Выбрать главу

То, что Старки на самом деле делает в «Дитя леди» — это нечто совершенно иное. Она пишет настоящую автобиографию. В центре повествования сама Энид, от ее первых воспоминаний до ранней молодости. Старки рисует портреты родственников и других людей, которые занимали важное место в жизни ее и ее семьи, например их повара и ее первой гувернантки, но эти портреты очень субъективны. Что бы она ни утверждала, ее память кажется превосходной и яркой. Рассказ выглядит подробным и полным. Хотя она описывает некоторые воспоминания, как, например, прекрасный поэтический эпизод о наблюдении за «легкой дрожью и вспышкой света»13, когда планки жалюзи сдвигаются снизу вверх, она пишет не как человек, который силится вспомнить, а скорее как тот, кто долго держал свой рассказ в голове и обдумывал его снова и снова. Ее претензии на типичность заключаются в том, что она «дитя леди» — термин, который использовали в Ирландии во времена ее детства для обозначения детей из семьи с определенным статусом. Старки показывает читателю довольно отчетливый образ своей семьи. Но мы так никогда и не узнаем, насколько типично ирландским было это семейство.
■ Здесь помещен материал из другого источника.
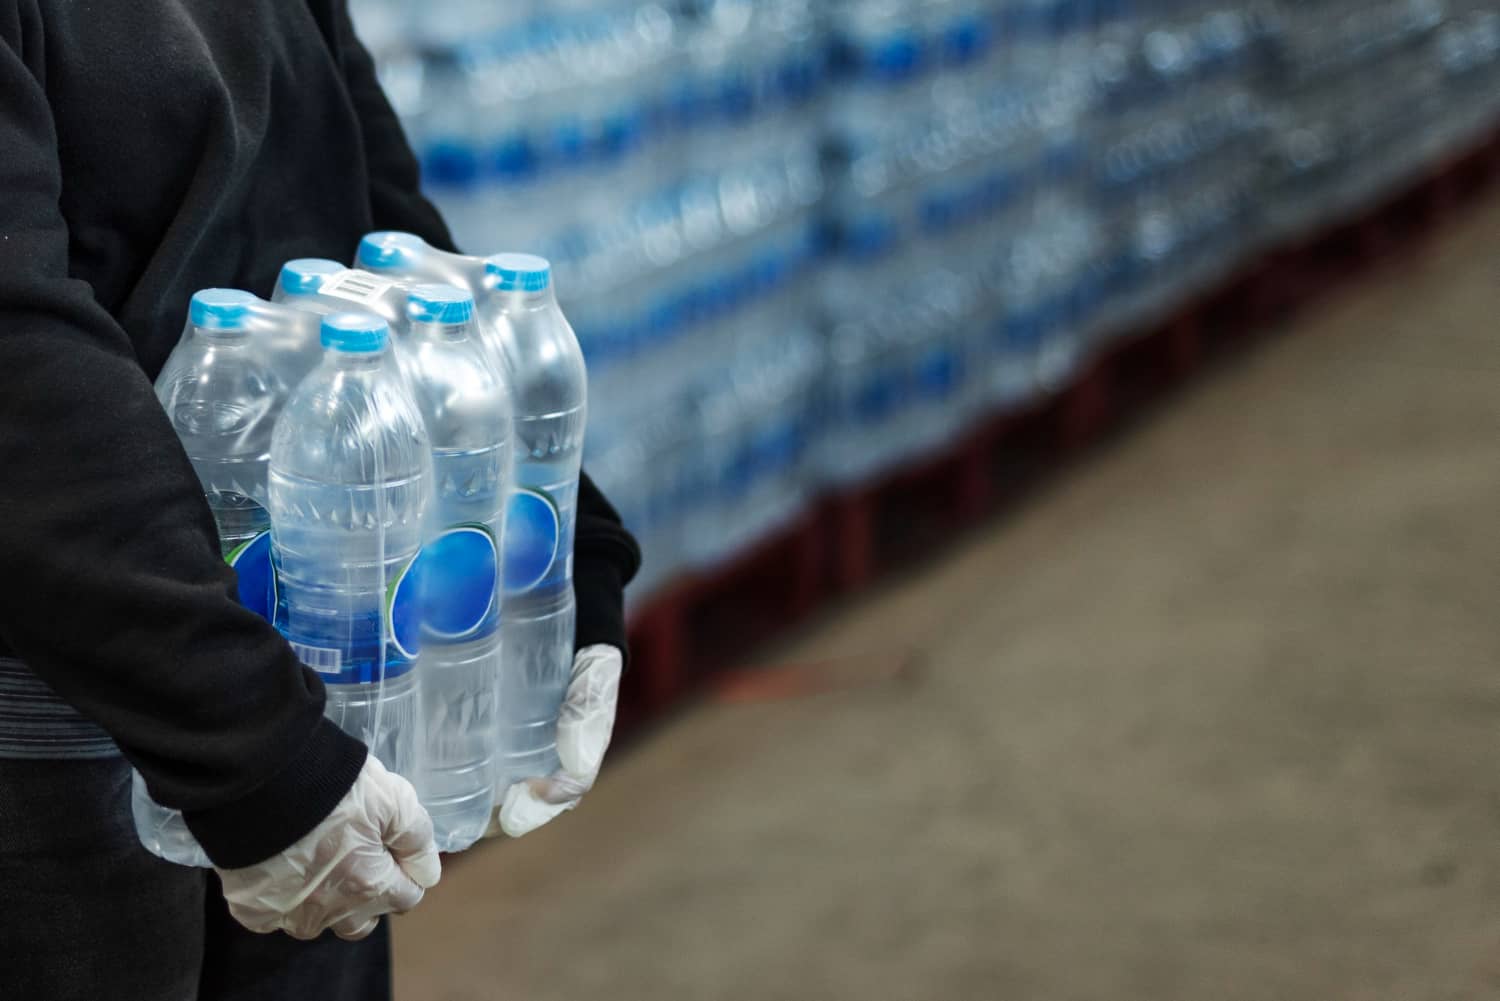 Thousands of plastic nanoparticles discovered in bottled water bottles

На самом деле, «Дитя леди» наряду с воспоминаниями Лухан и Баттс — одна из первых серьезных автобиографий детства, написанных на английском языке, не прибегающая ни к романному стилю (как у Уиппл), ни к юмористической презентации (как Берта Деймон и Элеонор Эбботт), несмотря на отдельные шутливые нотки. Старки также не использует ностальгический, ироничный или снисходительный тон по отношению к себе-ребенку, как делали многие англоязычные авторы детских мемуаров. Здесь нет существенной разницы в тоне между ребенком-субъектом и автором-рассказчицей. Если последняя дистанцируется от себя-ребенка, то только для того, чтобы с пониманием подытожить то, как она себя чувствовала в детстве. Рассказчица кажется по существу той же личностью, что и девочка, которой она была в детстве.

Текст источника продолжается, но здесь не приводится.